Email Print Share

Research News

Red seaweeds, including those in sushi, thrive despite ancestor's loss of genes

Study may spawn ways to genetically alter red algae

Red seaweed

Red seaweed growing along the coast of South Korea.


October 31, 2019

You'd think that losing 25 percent of your genes would be a big problem for survival. But not for red algae, including the seaweed used to wrap sushi.

Red algae include phytoplankton and seaweeds, also known as macroalgae. Some red seaweeds are major crops in Japan, Korea and China, where they serve as sushi wrap, among other uses. Red seaweeds are also used as food thickeners and emulsifiers and in molecular biology experiments.

An ancestor of red algae lost about a quarter of its genes roughly one billion years ago, but the algae still became dominant in coastal areas around the world, according to NSF-funded Rutgers University biologist Debashish Bhattacharya, who co-authored a study in the journal Nature Communications.

The research may help in the creation of genetically altered seaweeds that could be used as crops, assist in predicting the spread of seaweed pests, and – as climate warms and pollution possibly increases – control invasive seaweeds that blanket shorelines.

Scientists believe the 25 percent loss in genetic material resulted from adaptation by the red algae's ancestor to an extreme environment such as a hot spring or low-nutrient habitat.
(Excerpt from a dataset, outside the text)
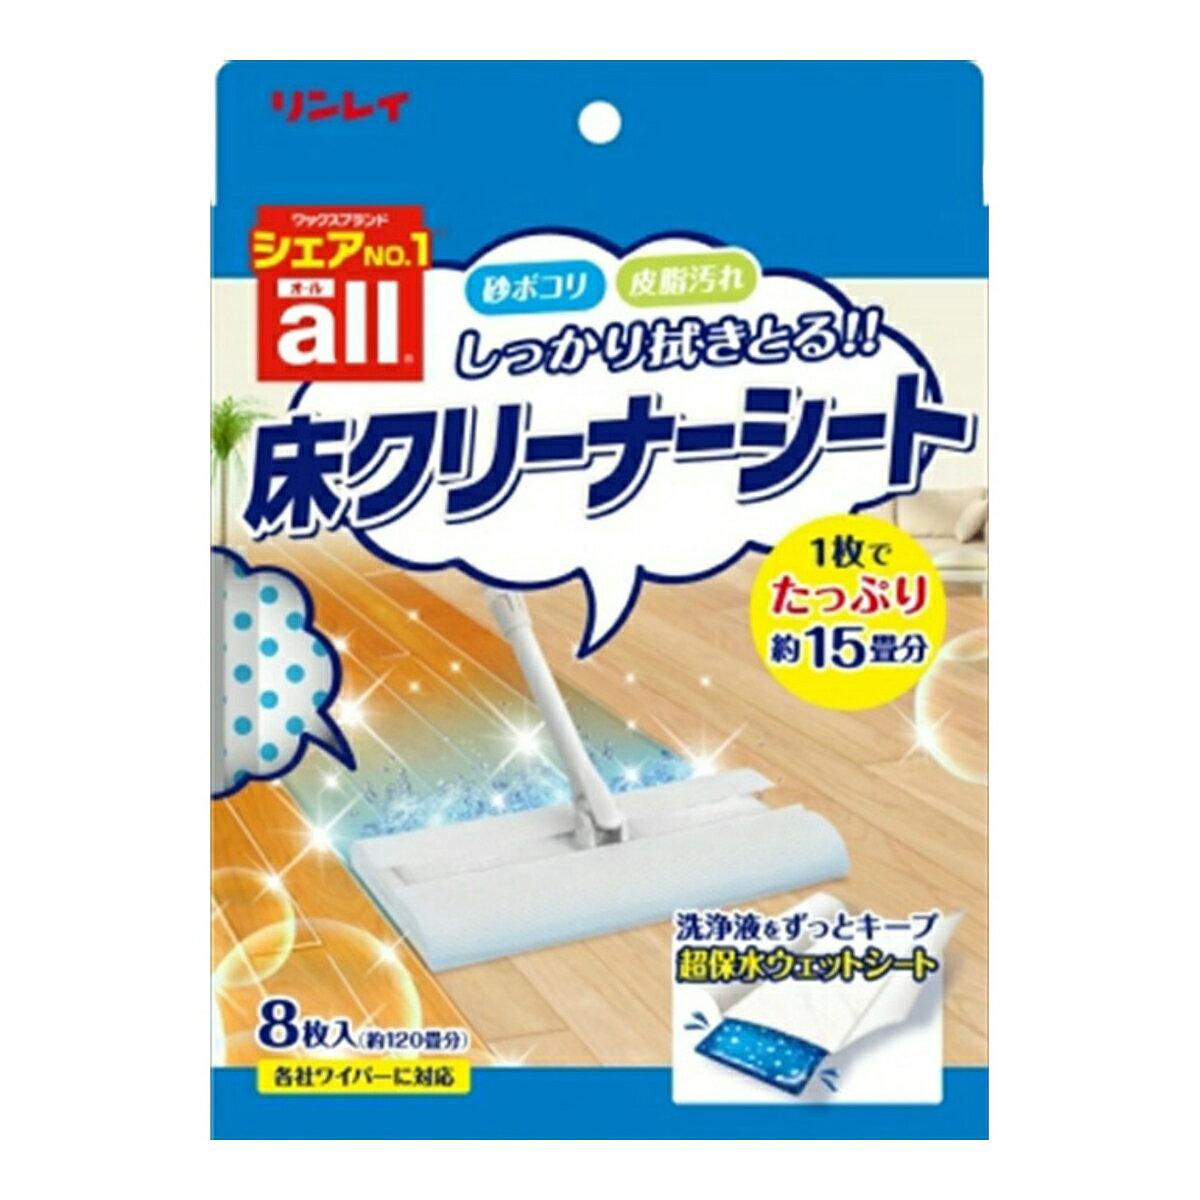 【リンレイ】オール床クリーナーシート 8枚入り ( ワックスがけ前の掃除に ) ( 4903339980677 )

How did the algae manage to escape these challenging conditions?

"It is a story akin to the phoenix rising from the ashes, and the study answers an important question in evolution," said Bhattacharya. "This lineage has an amazing evolutionary history and the algae now thrive in a much more diverse environment than hot springs."

Added Dan Thornhill, a program director in NSF's Division of Ocean Sciences, which funded the research, "It's surprising that a major group of marine algae succeeded after losing much of its genetic inventory. This study uncovered fascinating mechanisms, including genetic duplications and acquisition of genes from other organisms, that enabled red algae to radiate throughout the world's oceans."